First, render the same frame 2 times, the first time with GI and then without it. If you don't see the difference, then perhaps your scene doesn't need GI or doesn't work. For the GI the materials must have the diffuse component enabled.

If you have a scene of reflective or refractive objects, global illumination simply does not work and to reduce the number of unnecessary miscalculations you need to turn it off.

Disable global illumination if it does not affect the illumination of the scene.

First, go to the Global Overrides tab and disable all those elements that you do not need in this render. Go to the Optimization Settings tab.

The number of beams of reflection and refraction significantly increases the render time, therefore you must be absolutely sure that is exactly the number of "bounces" you need. Feel free to try to reduce this amount, see the render result. If you get the desired result with fewer reflections or refractions, leave it at this value or try to lower it further. These are a couple of the most resource-intensive redshift render parameters, and increase their values very carefully.
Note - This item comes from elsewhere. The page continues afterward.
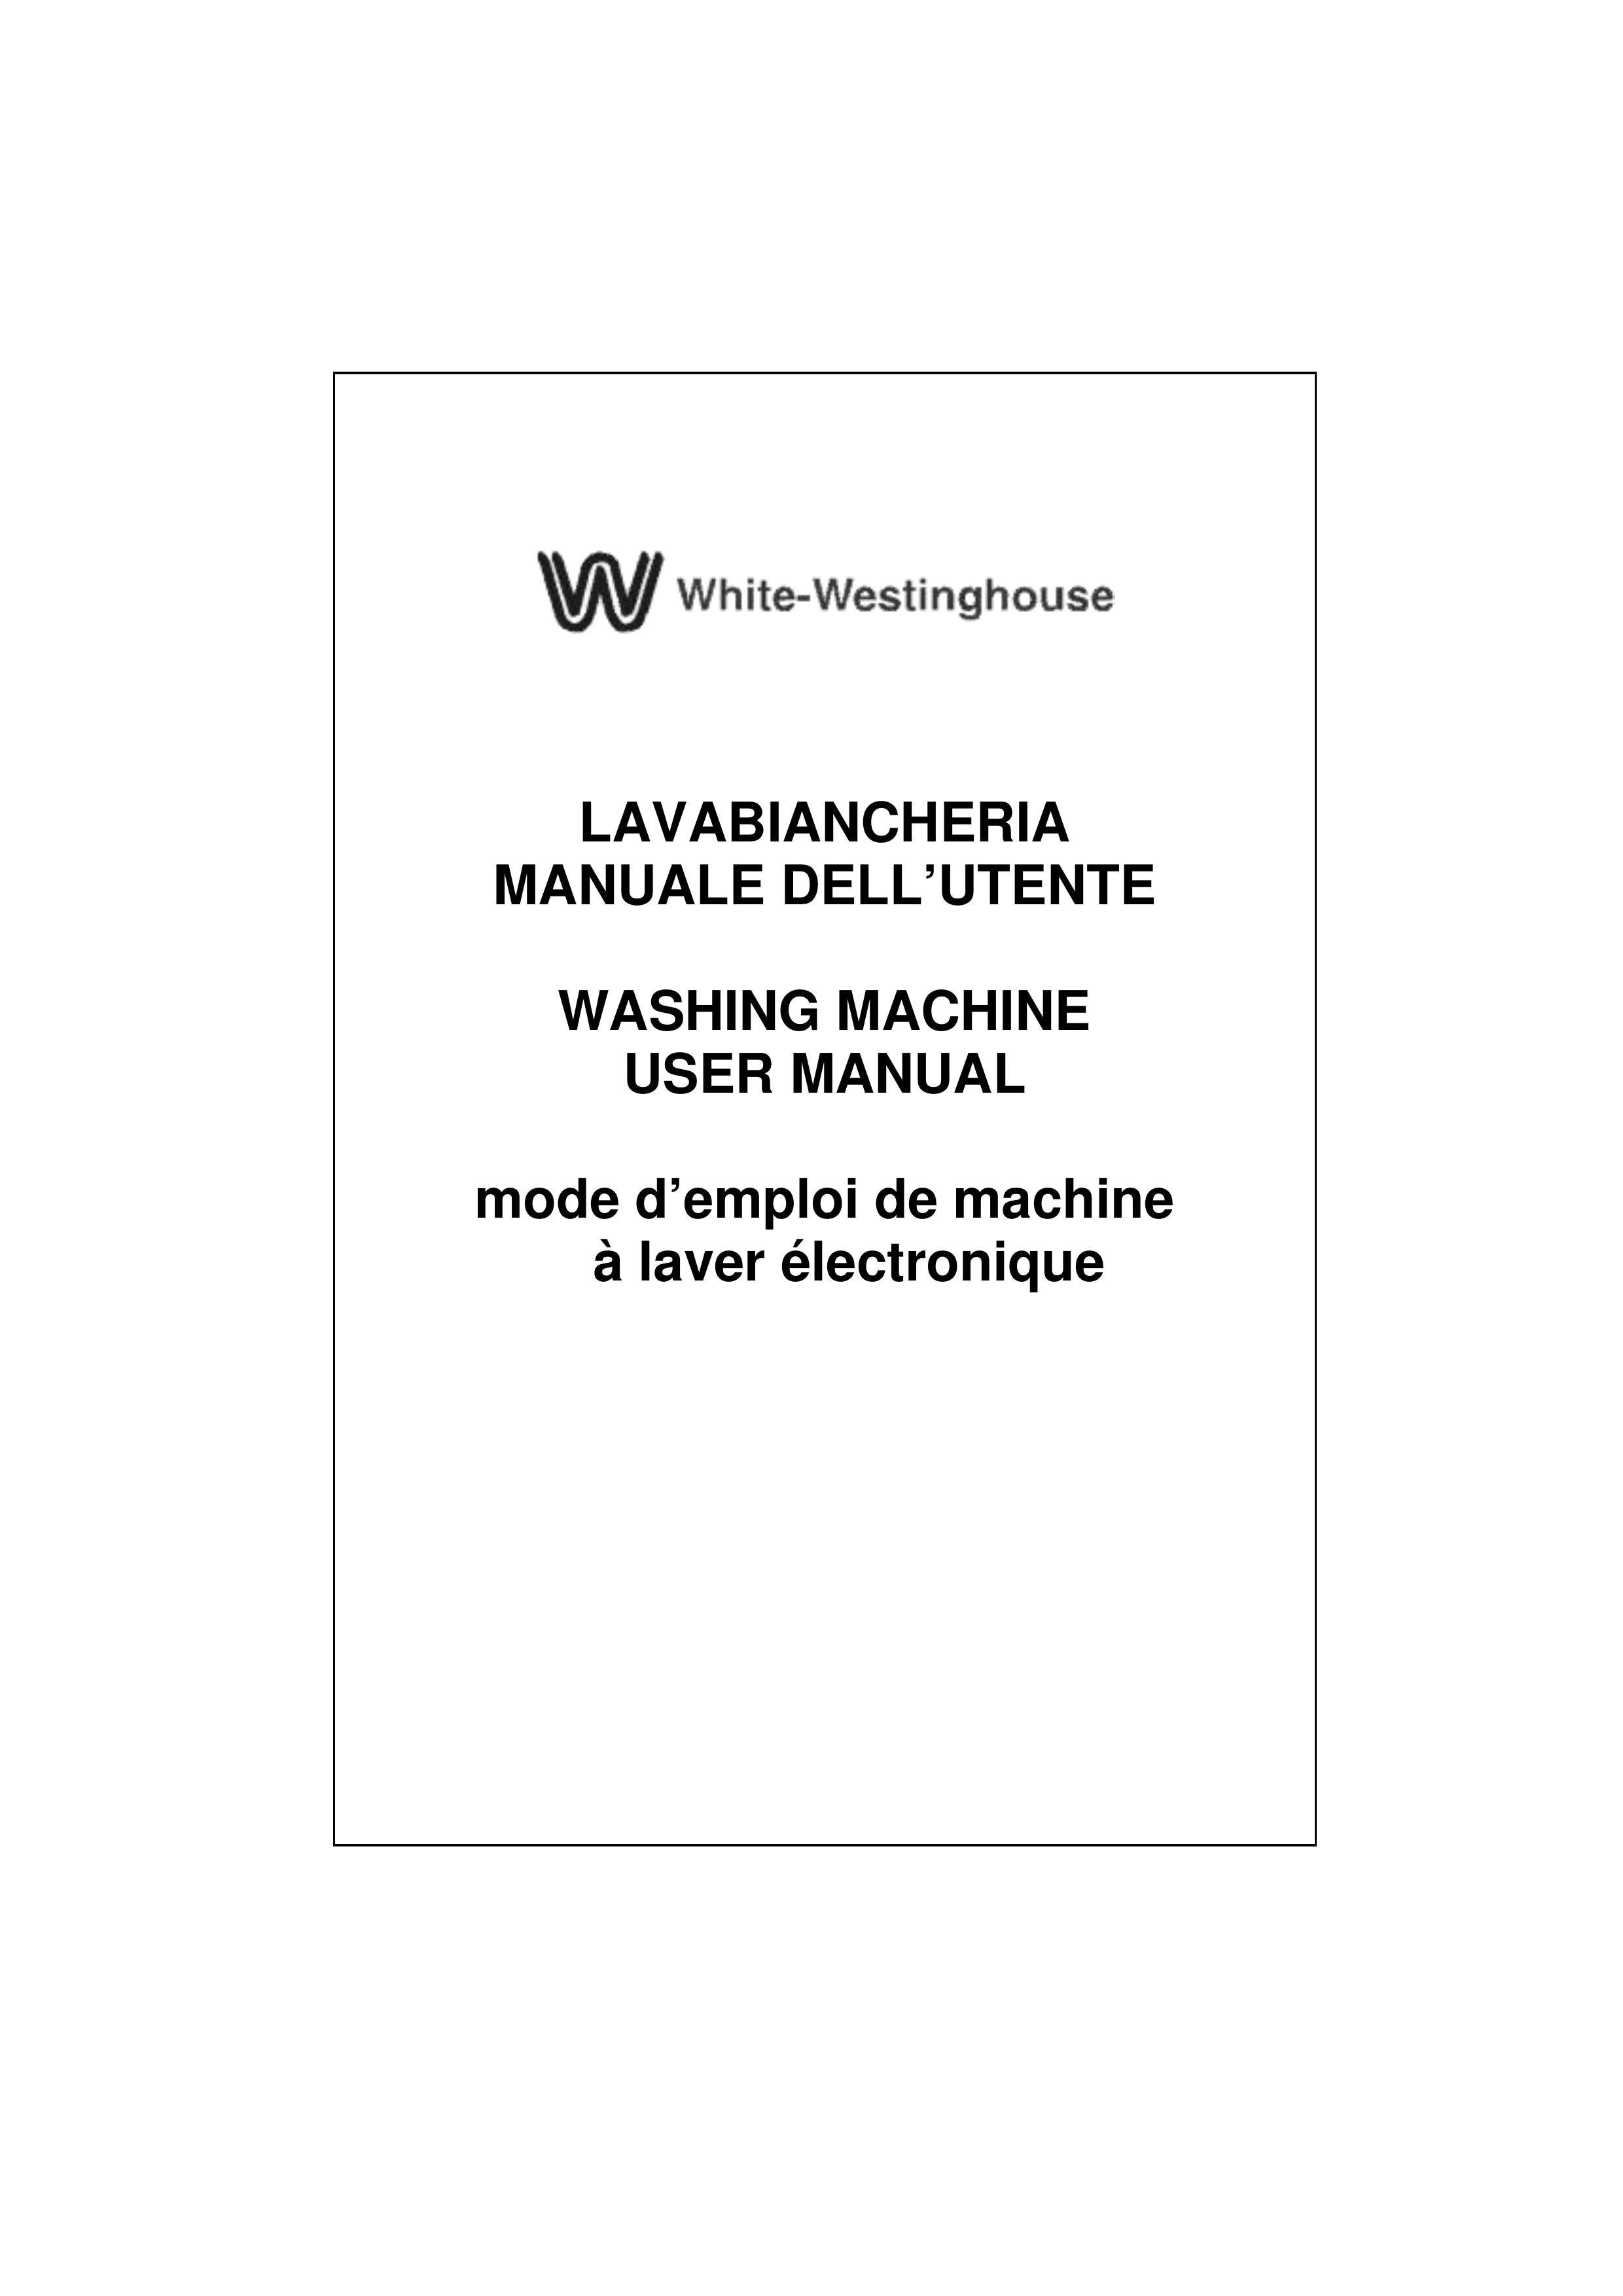 White-Westinghouse WM106 Washer/Dryer User Manual

It should be noted that we have considered not all the parameters of materials, nodes and render modules, which in one way or another affect the render time, but these are the most frequent "brakes" that you have to pay attention to all the time.

In conclusion of the topic with optimization, I would like to talk about denoisers. I use the OptiX built-in redshift. Yes, sometimes the picture contains artifacts in the highlights (they "breathe" from frame to frame), but in 9 cases out of 10 I just get a picture without noise with a minimum number of samples and fewer samples are rendered faster.

The denoiser is enabled in the Redshift Render View window.

The next resource-intensive component is the number of beams of reflection and refraction.

5. HDA Assets

All used assets must be copied to the project folder in the Otls folder on the cloud and reported to the manager - we will install them on all servers.

All third-party assets (HDA - Houdini Digital Assets) that you work with are usually stored in the "otls" folder (if there is no such folder, you should create it). Documents\ houdini18.5\ otls

So when you press Tab in the Digital Assets section in the right context, you should be able to access your assets! Note: if the context of your asset is SOP, then you will see it in the SOP context in the right section.